Such “uplifted” children are intellectually and creatively bolstered, their academic and professional futures secured. Children who are not “uplifted” are almost entirely excluded from higher education, their prospects severely limited as they must rely on their natural abilities and thus find their way in this tech-driven world. 

But as Klara observes the realities of life for the family she joins, it becomes evident that our appetite for self-improvement has inadvertently triggered a few kinks in the original hardware.

Among the clues that are planted is the diminishing health of the “uplifted” girl who chooses Klara as her AF.

Ishiguro has imagined a tantalising compromise for these not-too-distant-future parents: They can use technology to bolster their children’s chances at a superior life, but must face the possibility that their children’s health will suffer and that they may not survive into adulthood.

Another, even more sinister, clue planted early on? Before purchasing Klara, the sickly girl’s mother asks her to demonstrate the astuteness of her observational skills by having her imitate her daughter. She wants Klara to replicate the child’s slightly cautious, uneasy gait. 

Yes, creepy. And it gets steadily worse.   

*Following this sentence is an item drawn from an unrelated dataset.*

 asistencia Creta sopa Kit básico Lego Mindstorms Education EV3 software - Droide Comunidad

So while it’s not so much a dystopia based on ecological disaster or war, Ishiguro’s imagined future is one in which technology is rapidly chipping away at our humanity. But Ishiguro’s interest is not in rehashing the arguments for and against the coming technology. What he’s curious about is humanity and the nature of that most fragile, imperfect and hard-to-understand thing that sustains us all. Love. 

Examined here is not only the bond of love that exists between a mother and her dying daughter, but love in its myriad forms. There’s the faded love of broken marriages, the post-love vindictiveness of failed romances, the fairytale love between childhood sweethearts. 

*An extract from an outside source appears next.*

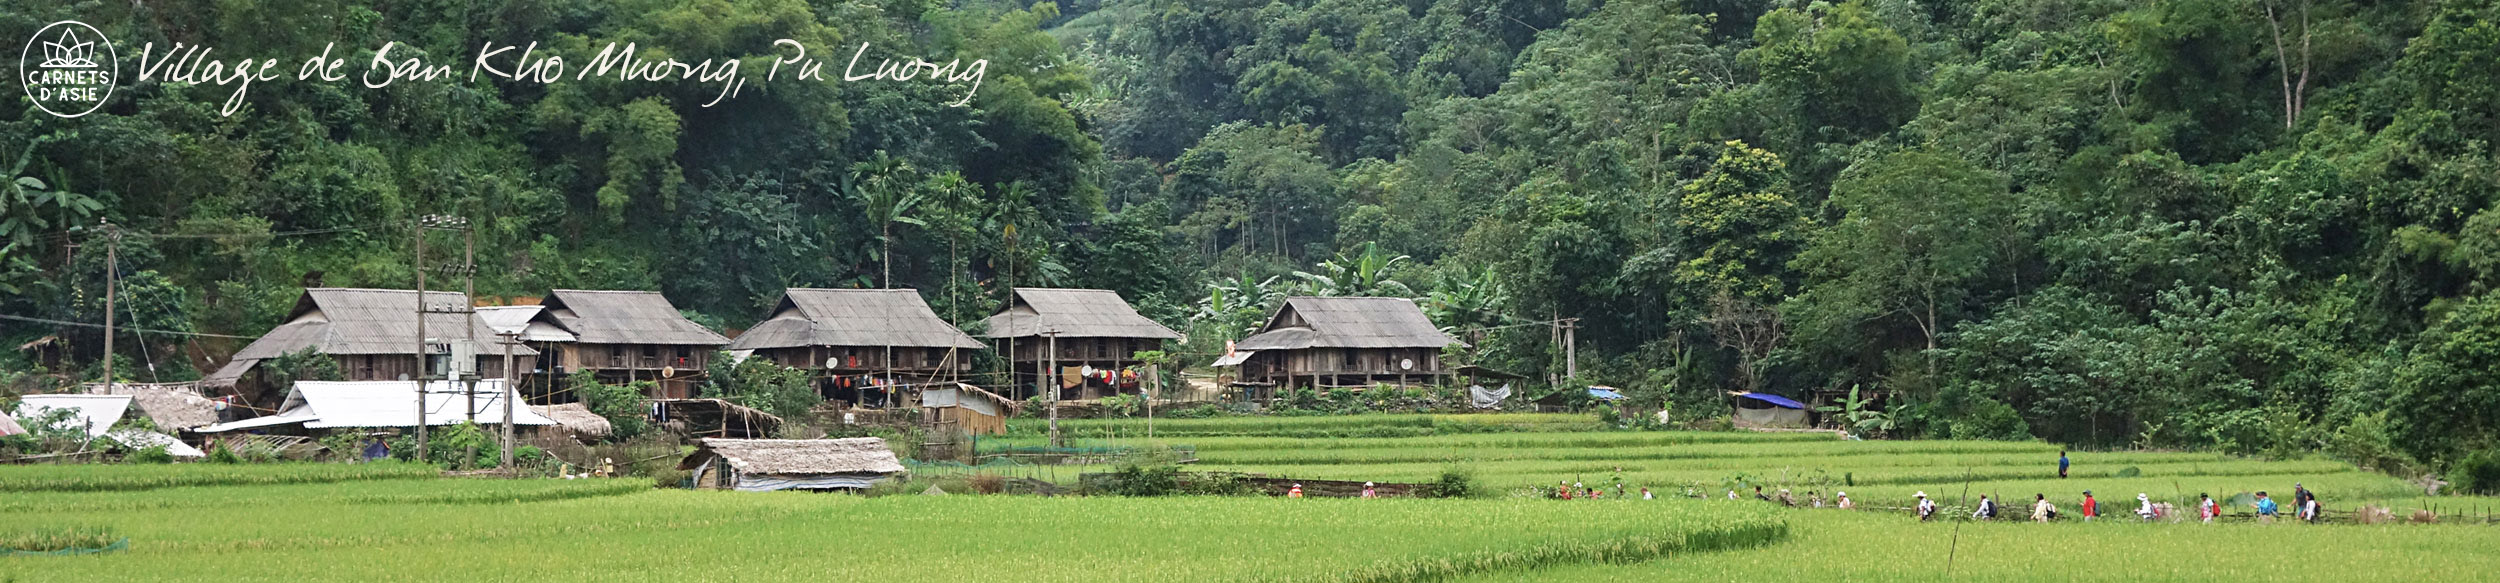 Village de Ban Kho Muong lors d'un trek dans la réserve de Pu Luong au Vietnam

And the love an AF feels for her human family. 

Also examined is what humans are prepared to do for love, the lengths we’re willing to go to for love. The deceptions, the lies we tell ourselves, the pain of broken hearts, the ramifications of loving too deeply, and the suffering we endure as a result of losing those we love. The things we do for love say a lot about our humanity. 

And, ultimately, there’s an examination of a machine’s capacity to experience and express love. 

Klara is, after all, a computer, an algorithm, an AI. And yet her capacity to love is boundless. To the extent that she is willing to make the ultimate sacrifice. And love certainly isn’t the only irrational human attribute Klara possesses. She has the ability to hope. And she has faith. 

This brings us to the other character suggested by the book’s title: The Sun. You see, Klara is solar-powered and so somewhere in her deep programming, she’s aware of the vitality provided by the Sun’s energising rays. In fact, like our ancient ancestors, she idolises the Sun, imbues him with supernatural ability, an almost spiritual power to provide “special nourishment” – not only to keep robots like herself alive, but also to restore humans who are at death’s door. 

And so, in one of the book’s most charming diversions into a kind of sublime surrealism, there’s a weird and wondrous, almost goofy, intermingling of science and mythology as we witness Klara, a machine, putting her faith in one of humanity’s original gods. It is Klara’s faith in the Sun – her total belief in his ability to revive, replenish, restore humans to health – that becomes the source of her boundless hope. Her full-blown belief in something outside the paradigm of science and reason.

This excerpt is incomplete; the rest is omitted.